Oil and gas companies track and incentivize a variety of metrics, but these actions can inadvertently lead to lower production levels and affect lifting costs.
If there’s an incentive for fast drilling instead of precisely placed wellbores that maximize contact with sweet spots, the wellbore will miss out on potential production of hydrocarbons, says John Clegg, Weatherford’s drilling fellow.
Or a wellbore might have a lot of tortuosity, which in a lateral can lead to problems with sand choking production, hurting output rates. Or unwanted tortuosity can cause premature and expensive damage to production equipment such as rods or pumps.
“If you’re measuring once you’ve drilled the well, it’s too late,” he says. “You’ll suffer for perhaps the next 10 years with lower production and lack of ultimate recovery.”
Clegg calls that a big problem.
“We need a completely different set of KPIs for how we value what we’re doing while we’re drilling,” he says.
In short, he says, it’s time for the industry to “change the way it thinks about drilling well costs” and incentives programs that can influence immediate outcomes like cost per foot or days of drilling without considering later outcomes like production levels.
“It’s one of those things everybody knows, but nobody seems to know how to address,” he says.
One challenge is to figure out what those KPIs are. One possibility is value per foot of wellbore, which he acknowledges “is not simple to measure.” Another is simply looking at cost per barrel instead of cost per foot, he says.
More valuable wellbores are smoother and more precisely placed so they offer more exposure to the reservoir for higher overall drainage of the reservoir while minimizing the chance for sand to choke down production levels, he says. They are also easier to drill, easier to cement – improving integrity – and easier to complete, as well as improving the reliability of production equipment, he says.

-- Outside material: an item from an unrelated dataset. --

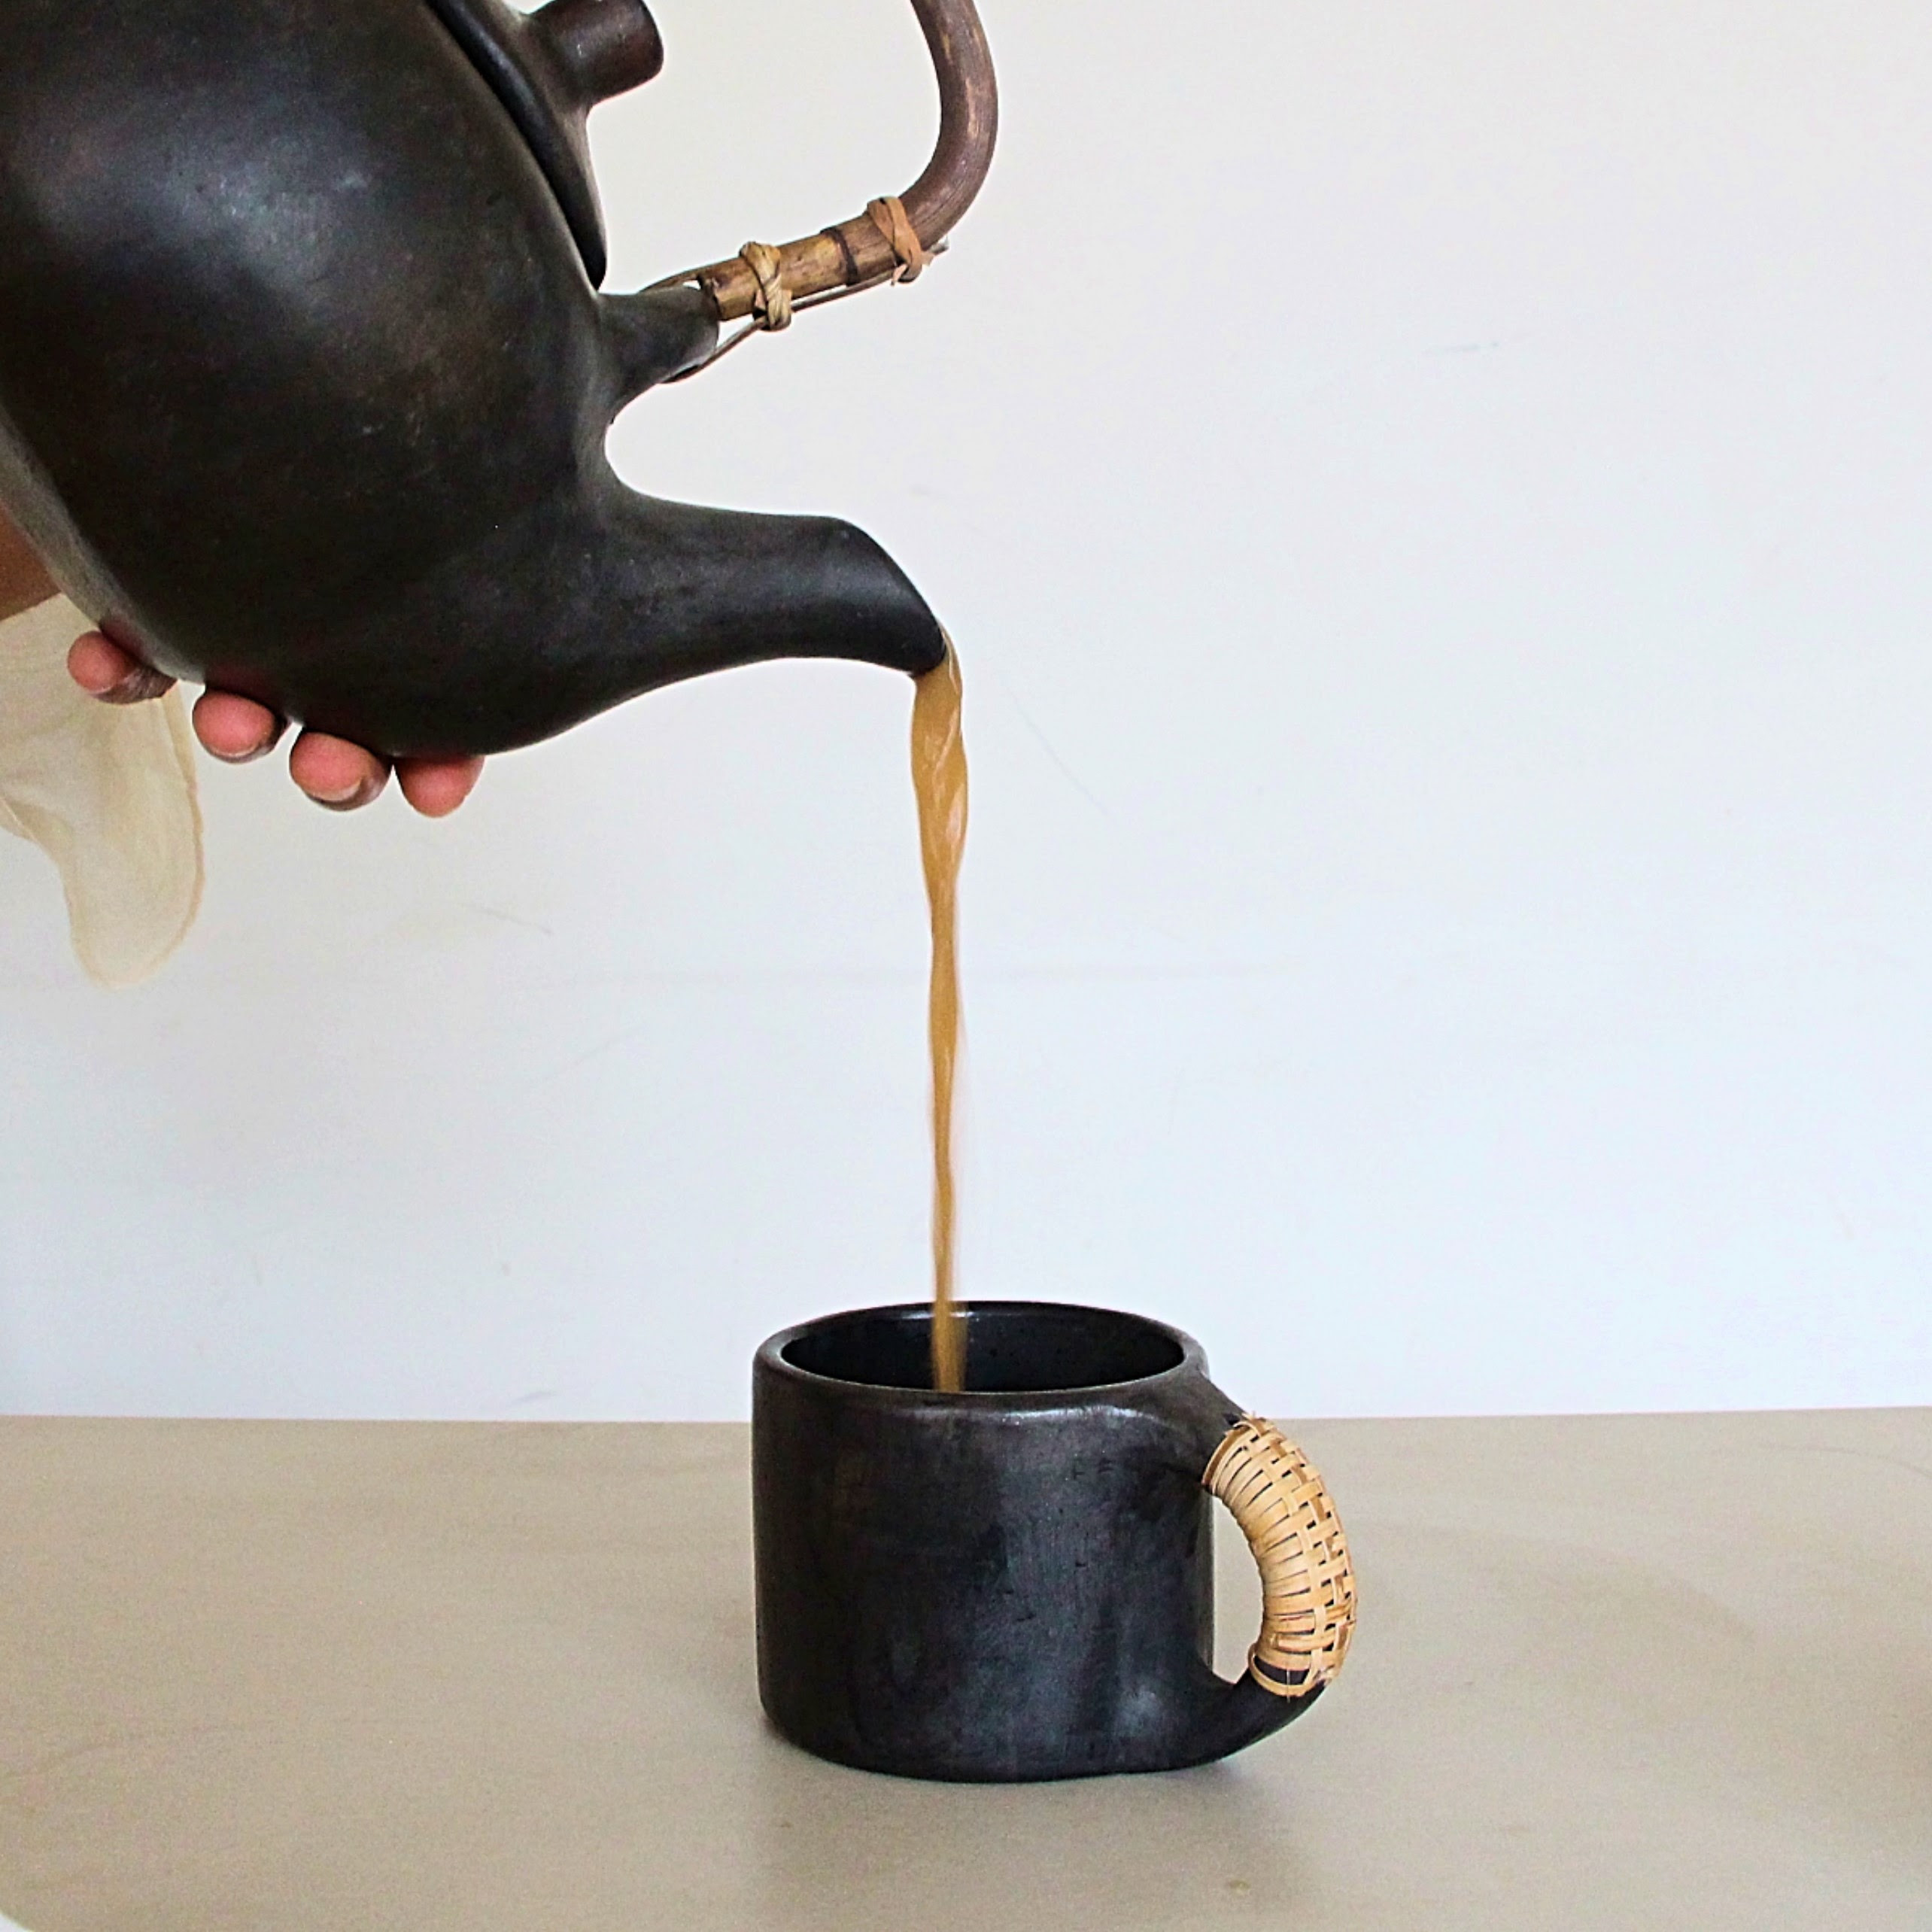 Tea being poured from a black teapot into a black mug

In the long run, high-producing wellbores produce more of the original resources in place. Through that higher production, they lower the overall cost per barrel.
Technology holds another key to the puzzle, Clegg believes. A rotary steerable system like Weatherford’s Magnus can maintain inclination and azimuth angles until a driller intervenes. As such, it can optimize production by drilling a smoother well.
Taking that technology one step further, it might be possible with “a lot of development” to automate geosteering by teaching it to “find the swee spots,” he says.
“Rotary steerable systems in their recent incarnation have been expensive to work with,” Clegg says, so there is still widespread use of steerable motors. He says the industry “has to bring down the overall cost of using rotary steerable systems.”
If access to rotary steerable systems becomes ubiquitous, he says, automated geosteering becomes more likely.
“Without better KPIs, we cannot justify the development of the technology we will need to maximize value of the well,” he says. “Right now, we are not measuring the right things and we are not incentivizing the right behavior.”